§ **Instructions to follow**
Leave every picture out and return the rest of the listing verbatim.

§ **Dataset excerpt**
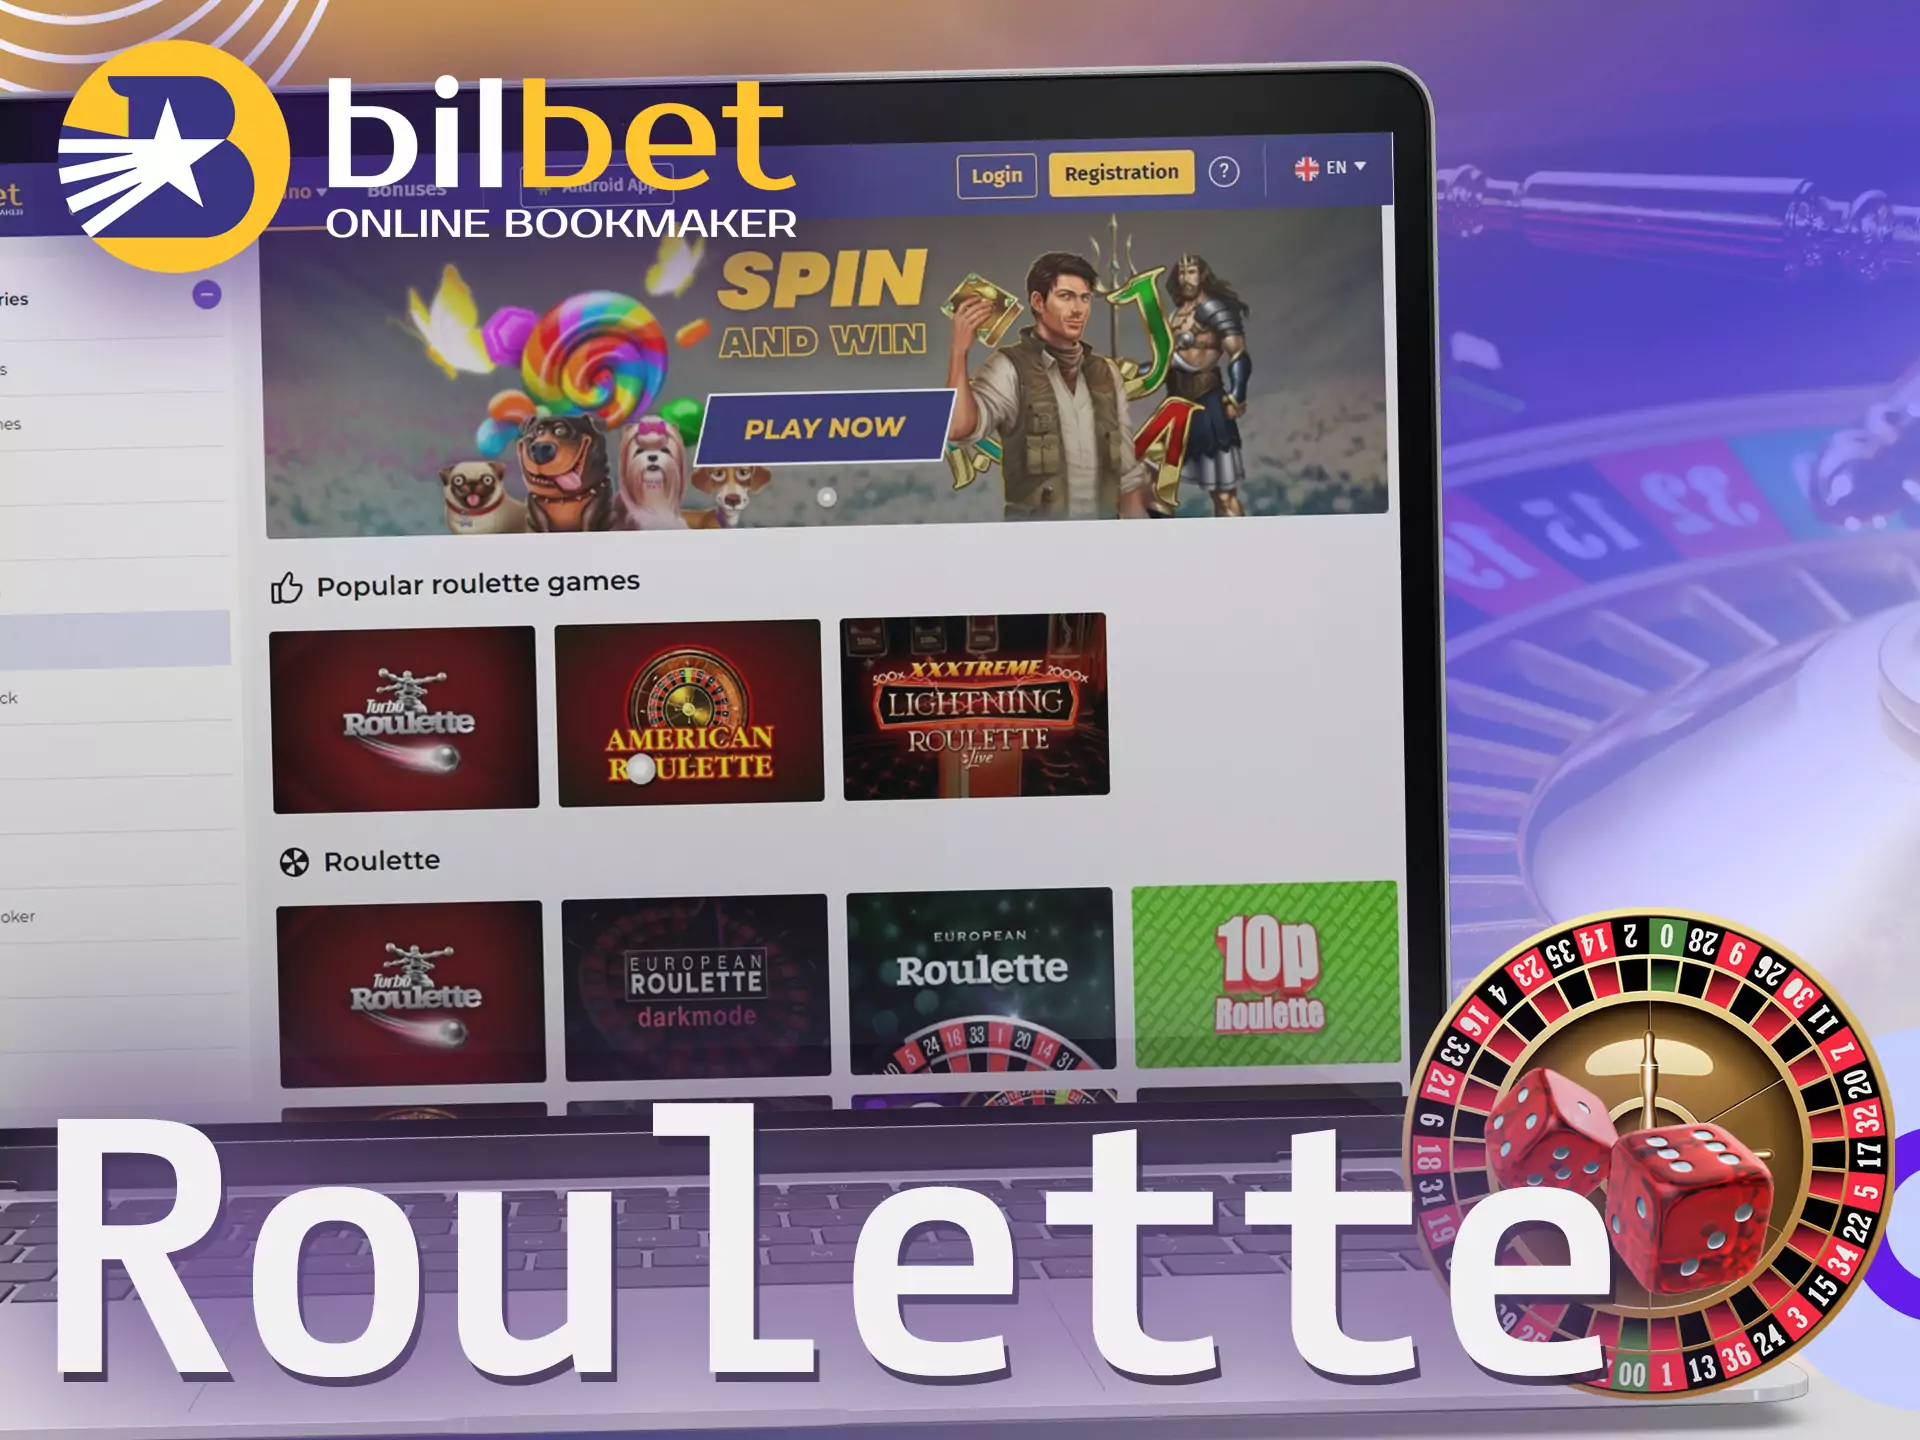 On the Bilbet website, you can play different types of roulette.
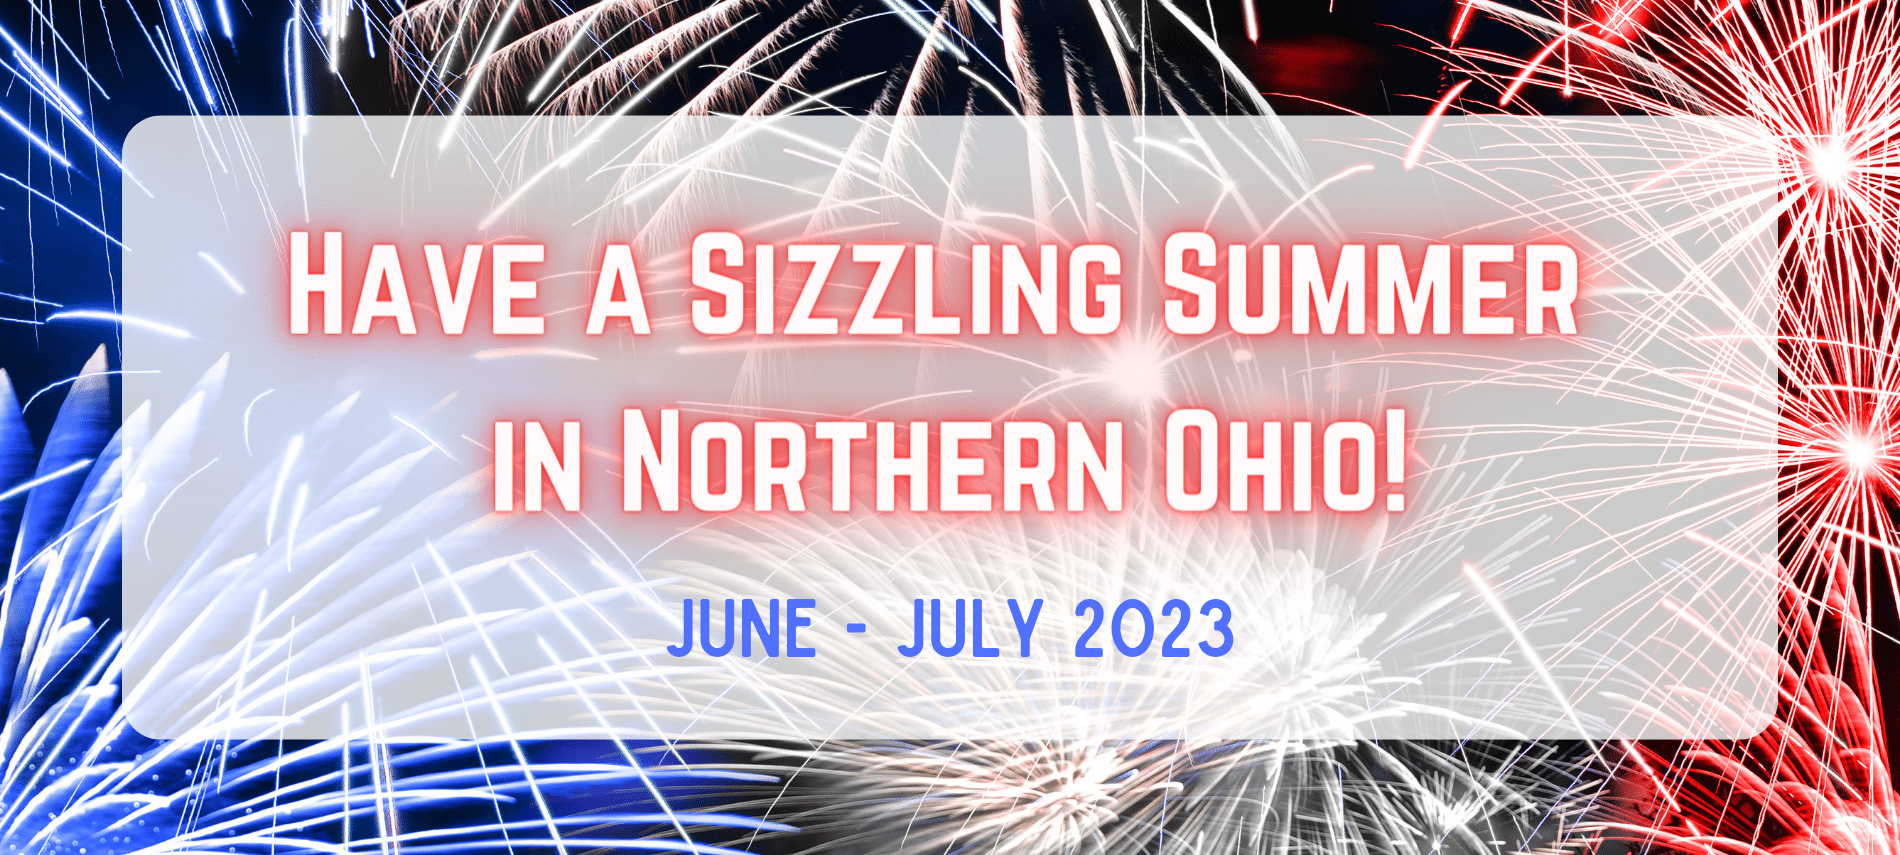 Have a Sizzling Summer in Northern Ohio - june-July 2023 on a background of red, white and blue fireworks
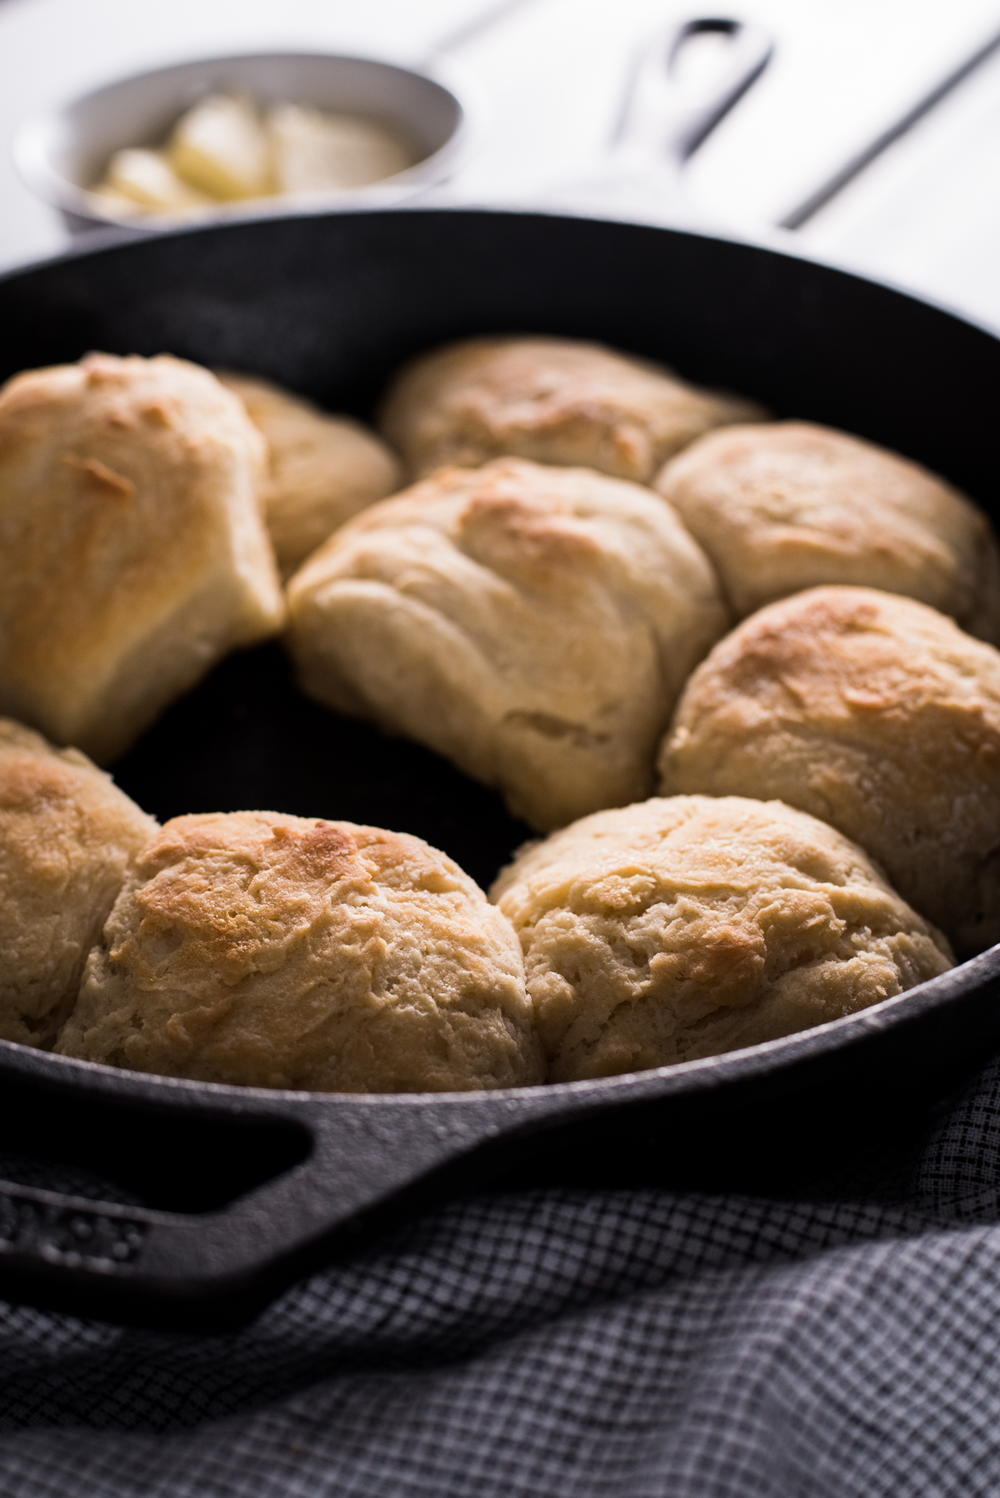 https://irepo.primecp.com/2018/01/361456/easy_cast_iron_skillet_biscuits-7_ExtraLarge1000_ID-2602600.jpg?v=2602600

§ **Worked solution**
 On the Bilbet website, you can play different types of roulette.
 Have a Sizzling Summer in Northern Ohio - june-July 2023 on a background of red, white and blue fireworks
 https://irepo.primecp.com/2018/01/361456/easy_cast_iron_skillet_biscuits-7_ExtraLarge1000_ID-2602600.jpg?v=2602600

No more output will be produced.